Восстать из Холодных Углей
Шрифт:
Они не понимали. Я не могла позволить им встретить Железный легион вместе со мной. Я не могла позволить ему причинить им боль.
Я могу прогнать их прочь. В голосе моего ужаса слышался юмор, который стал еще более очевидным из-за того, что моя тень даже не дернулась.
— Отлично. Тогда мы будем втроем. — И, возможно, по пути я смогу убедить их повернуть назад.
Или убить их животных и оставить их позади.
Это было уместно, в некотором смысле. Мы вместе выбрались из Ямы и с тех пор были вместе. Несмотря на мои протесты, на то, что я настаивала на том, чтобы они остались, мне казалось правильным, что они будут сопровождать меня до конца моего путешествия.
Глава 32
Даже
Мы часто останавливались: в деревнях, тавернах, городах. Думаю, я оттягивала неизбежную конфронтацию, отчасти из-за страха, а отчасти потому, что мне нравилось проводить время с Хардтом и Тамурой. Мы часто и от души смеялись, поднимали бокалы за тех, кого потеряли, но не забыли, и слушали рассказы Тамуры о давно минувших временах. То, что он пережил все истории, которые рассказывал, заставило меня взглянуть на них под другим углом, и, принимая во внимание его знания об учении Белмороуза, признаюсь, я начала спрашивать себя, не были ли книги старого философа написаны самим Тамурой.

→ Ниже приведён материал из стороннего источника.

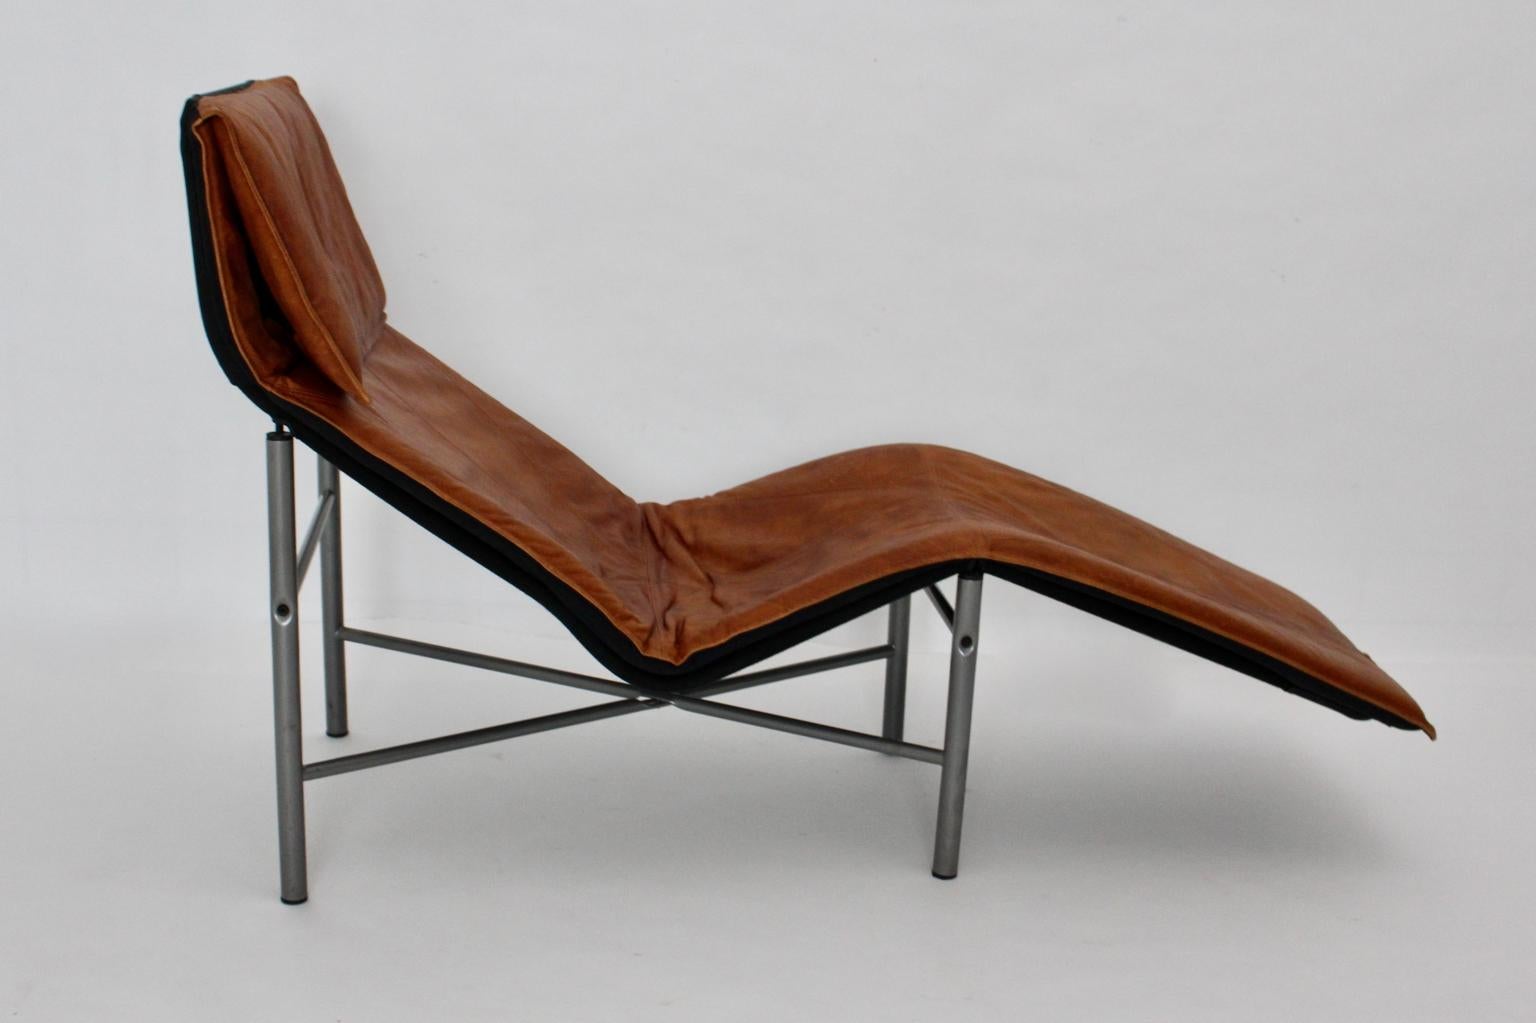 Metal Leather Vintage Chaise Longue by Tord Bjorklund Sweden, 1970s

В маленьком городке под названием Шорелан я встретила женщину такой красоты, что у меня захватило дух. Ее звали Ирилен, и у нее была идеальная смуглая кожа и волосы, такие же темные, какими когда-то были мои собственные. Когда она улыбнулась мне, она напомнила мне Сильву — что-то в том, как приподнялись уголки ее губ. Мы никогда не любим так, как в нашу первую любовь. Это не из-за желания или нужды, и даже не из-за ценности. Первой любви мы отдаемся полностью. Это правда. Мы отдаем каждый дюйм, каждую каплю, каждый уголок и каждую трещину. Каждый грязный секрет и каждую чистую правду. Каждая частичка нас погружается в эту любовь. Мы отдаем все, что у нас есть. И частичка нас остается с ними. Заслуживают они этого или нет, но частичка нас самих остается с каждым человеком, которого мы когда-либо любили. Дело не в том, что мы хотим дарить каждому из них меньше любви, а в том, что нам больше нечего дарить. Слишком многое от нас самих осталось позади, вместе с умершими, потерянными или невольно брошенными. Мы конечные создания и можем дать не так уж много. Я оставила часть себя с Ирилен и двинулась дальше.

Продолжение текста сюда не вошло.